Department of Radiology, Guangzhou First People's Hospital, Guangzhou Medical University, Guangzhou 510180, China.
Sun Yat-sen University, Guangzhou, China.
Biomed Res Int. 2020 Sep 23;2020:9258649. doi: 10.1155/2020/9258649. eCollection 2020.
Methylation of the O-methylguanine methyltransferase (MGMT) gene promoter is correlated with the effectiveness of the current standard of care in glioblastoma patients. In this study, a deep learning pipeline is designed for automatic prediction of MGMT status in 87 glioblastoma patients with contrast-enhanced T1W images and 66 with fluid-attenuated inversion recovery(FLAIR) images.
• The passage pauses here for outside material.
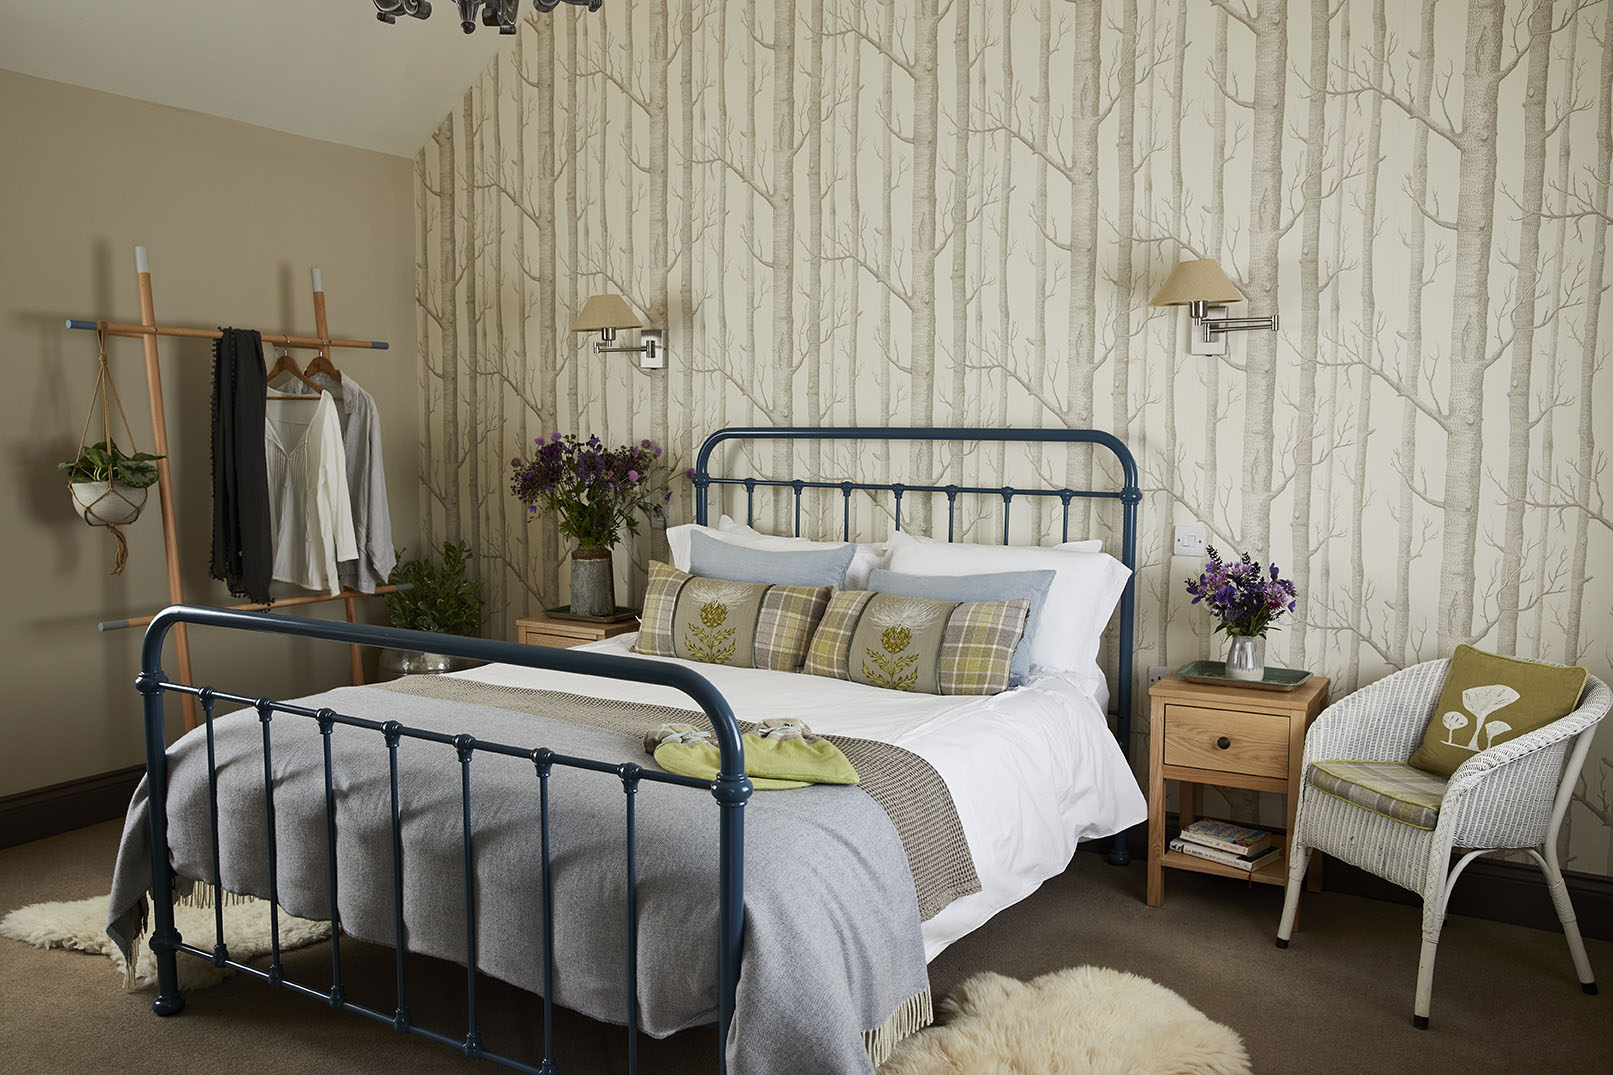 The long barn double bed at longlands, devon

The end-to-end pipeline completes both tumor segmentation and status classification. The better tumor segmentation performance comes from FLAIR images (Dice score, 0.897 ± 0.007) compared to contrast-enhanced T1WI (Dice score, 0.828 ± 0.108), and the better status prediction is also from the FLAIR images (accuracy, 0.827 ± 0.056; recall, 0.852 ± 0.080; precision, 0.821 ± 0.022; and score, 0.836 ± 0.072). This proposed pipeline not only saves the time in tumor annotation and avoids interrater variability in glioma segmentation but also achieves good prediction of MGMT methylation status. It would help find molecular biomarkers from routine medical images and further facilitate treatment planning.
甲基鸟嘌呤-DNA-甲基转移酶(MGMT)基因启动子的甲基化与胶质母细胞瘤患者当前标准治疗的效果相关。在这项研究中,设计了一个深度学习管道,用于自动预测 87 例增强 T1W 图像和 66 例液体衰减反转恢复(FLAIR)图像的胶质母细胞瘤患者的 MGMT 状态。该端到端管道完成肿瘤分割和状态分类。FLAIR 图像的肿瘤分割性能更好(Dice 评分,0.897 ± 0.007),优于增强 T1WI(Dice 评分,0.828 ± 0.108),FLAIR 图像的状态预测也更好(准确性,0.827 ± 0.056;召回率,0.852 ± 0.080;精度,0.821 ± 0.022;和 F1 评分,0.836 ± 0.072)。该提出的管道不仅节省了肿瘤注释的时间,避免了胶质瘤分割中的评分者间变异性,而且还实现了 MGMT 甲基化状态的良好预测。它将有助于从常规医学图像中找到分子生物标志物,并进一步促进治疗计划。